# [DATA SECTION]

========

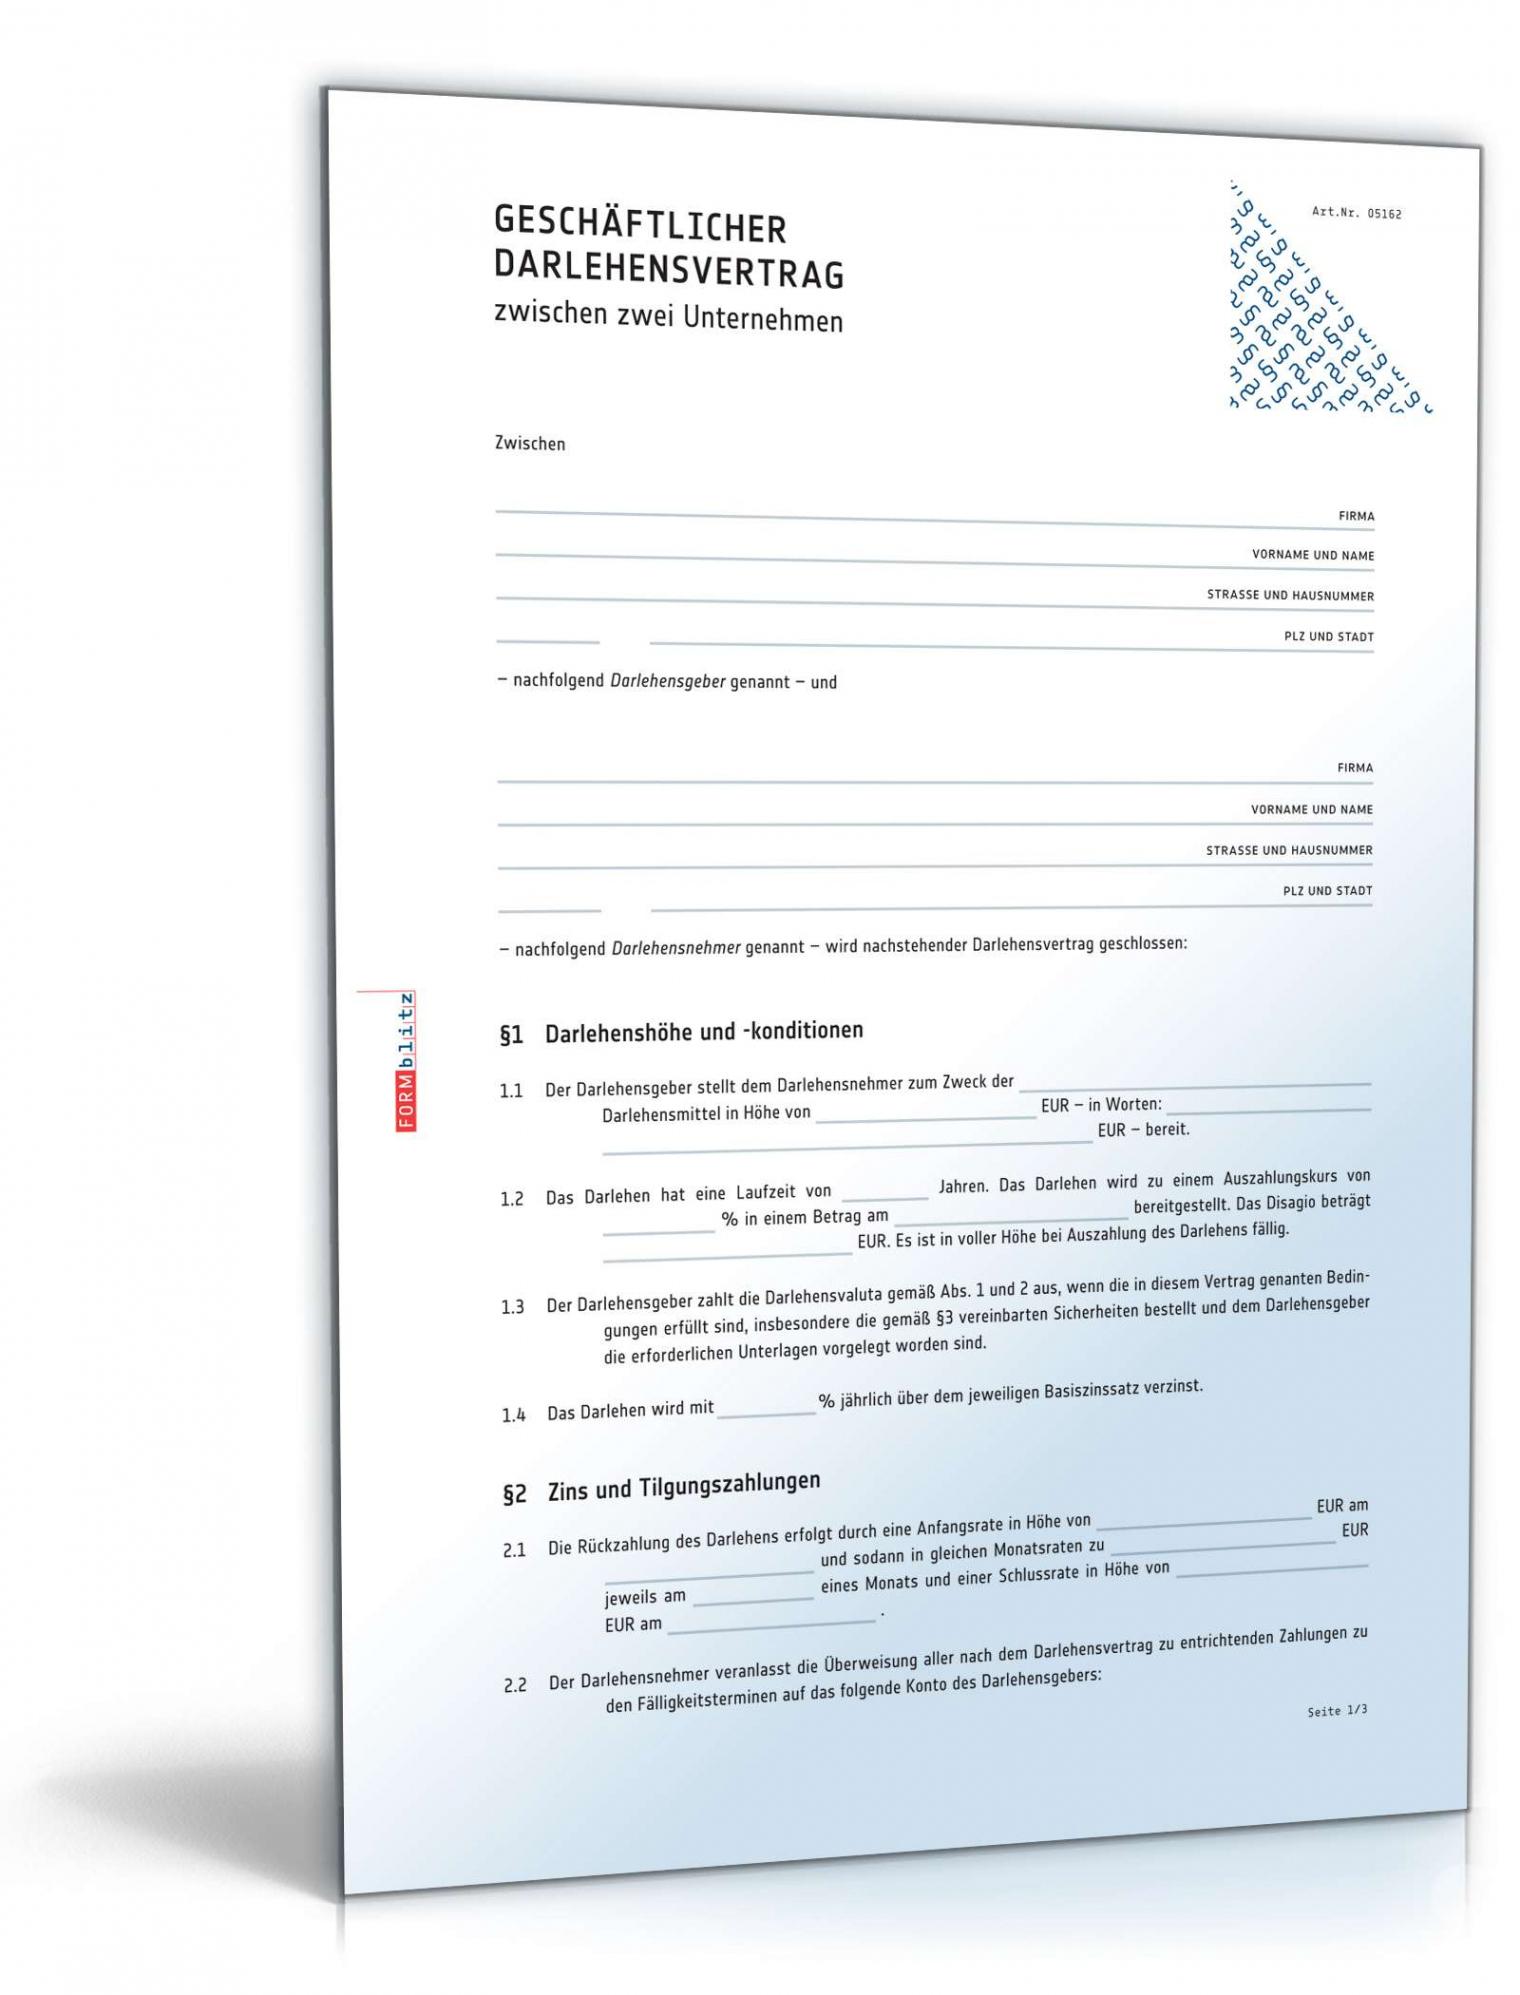 Vertrag Zwischen Privatpersonen Vorlage Excel Druckfähig
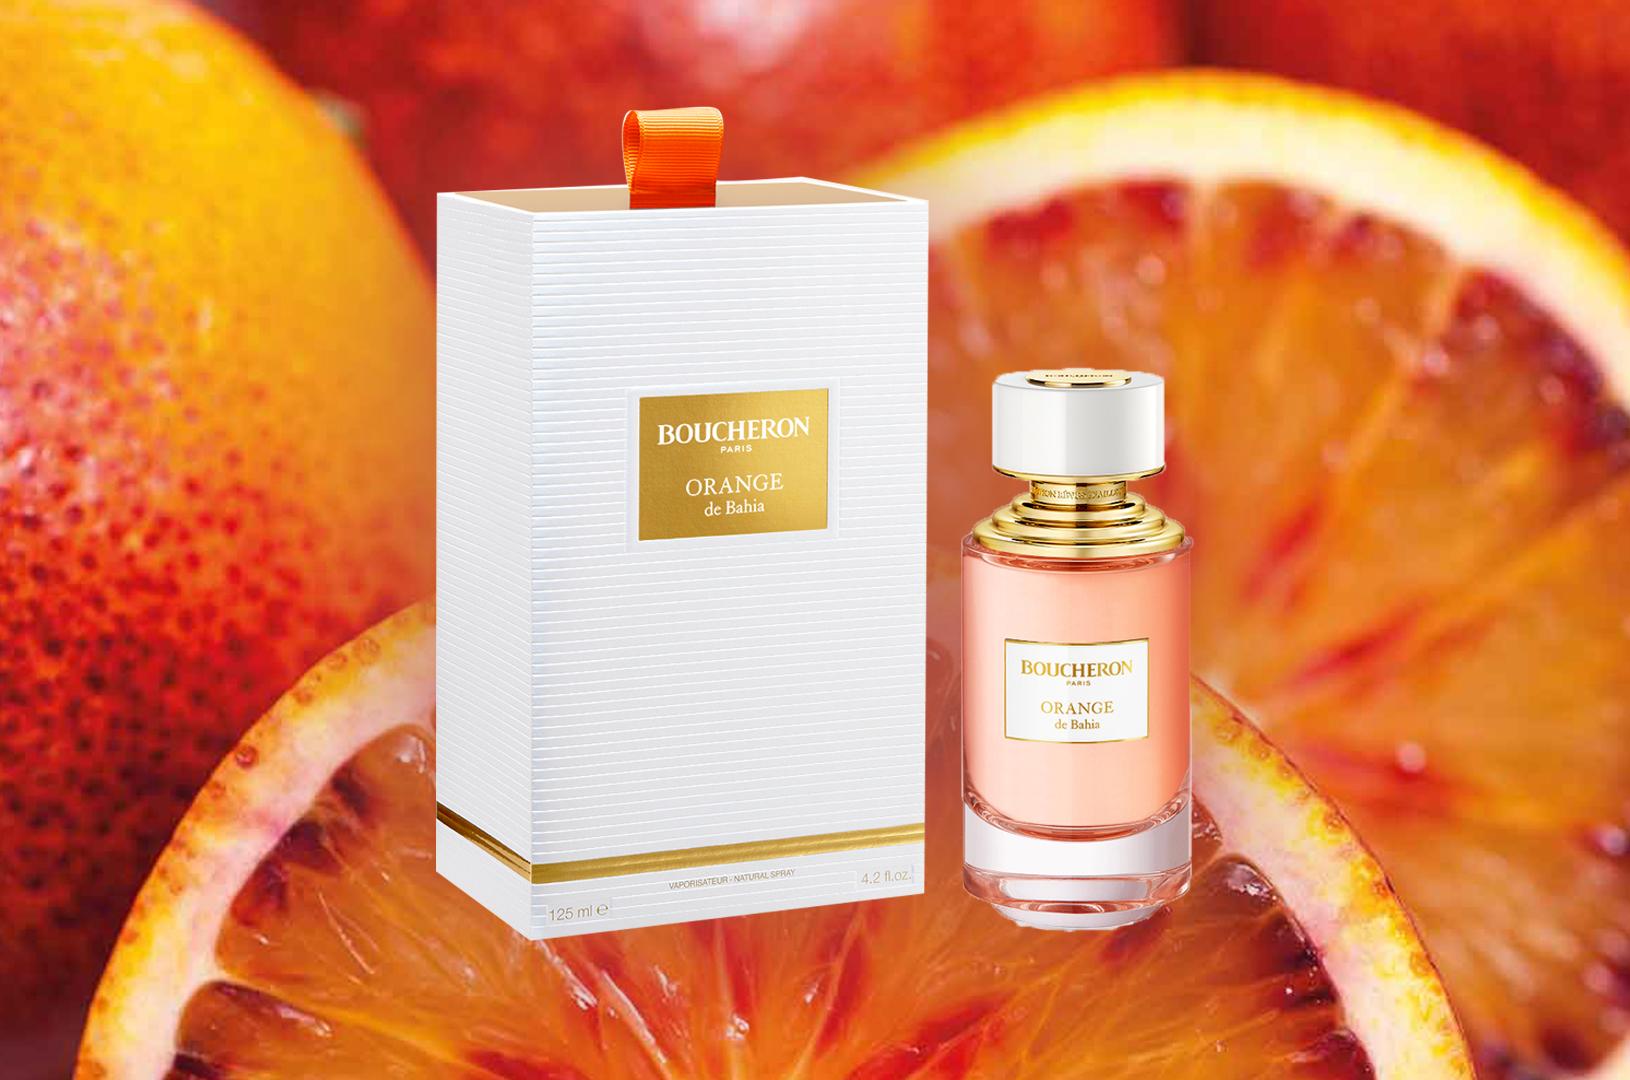 Orange de Bahia, najnoviji Boucheron parfem posvećen je rijetkom afričkom dragulju pod nazivom Mandarin Garnet
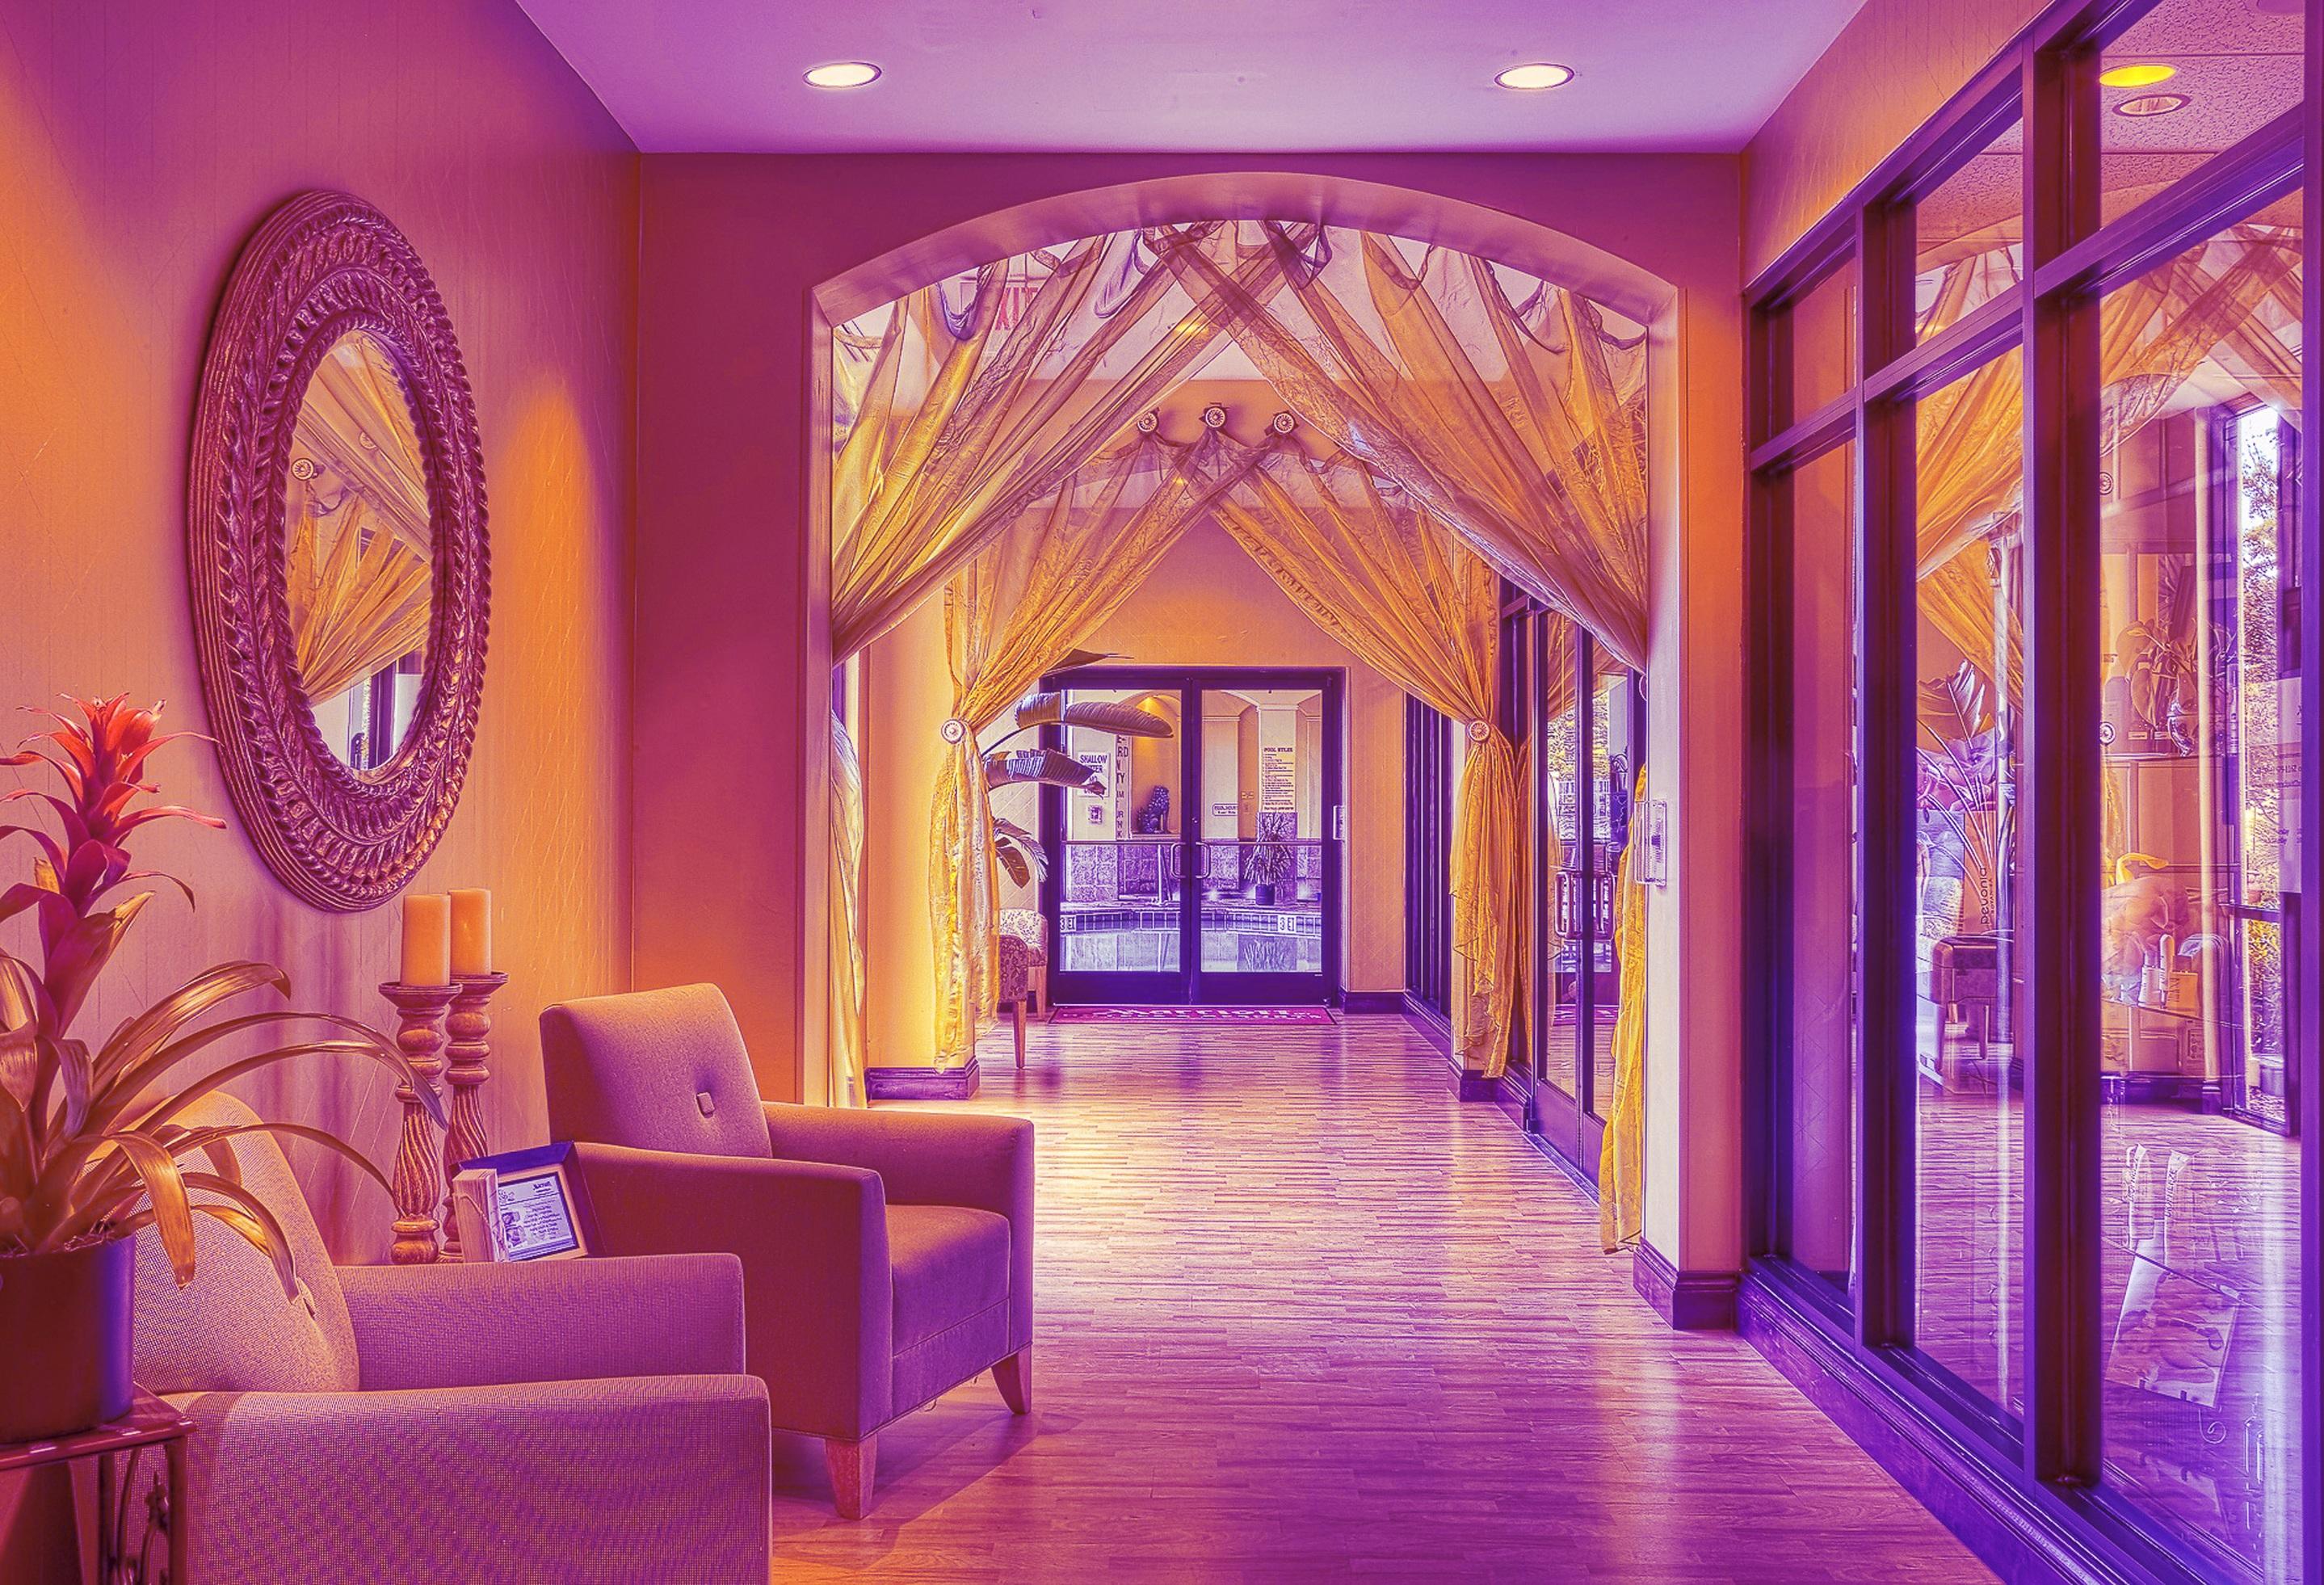 Fotos gratis palacio techo sala interior habitaci n - Diseno de interiores gratis ...

========

# [WHAT IS BEING ASKED]
Print the data above exactly, minus pictures.

# [ANSWER BOX]
 Vertrag Zwischen Privatpersonen Vorlage Excel Druckfähig
 Orange de Bahia, najnoviji Boucheron parfem posvećen je rijetkom afričkom dragulju pod nazivom Mandarin Garnet
 Fotos gratis palacio techo sala interior habitaci n - Diseno de interiores gratis ...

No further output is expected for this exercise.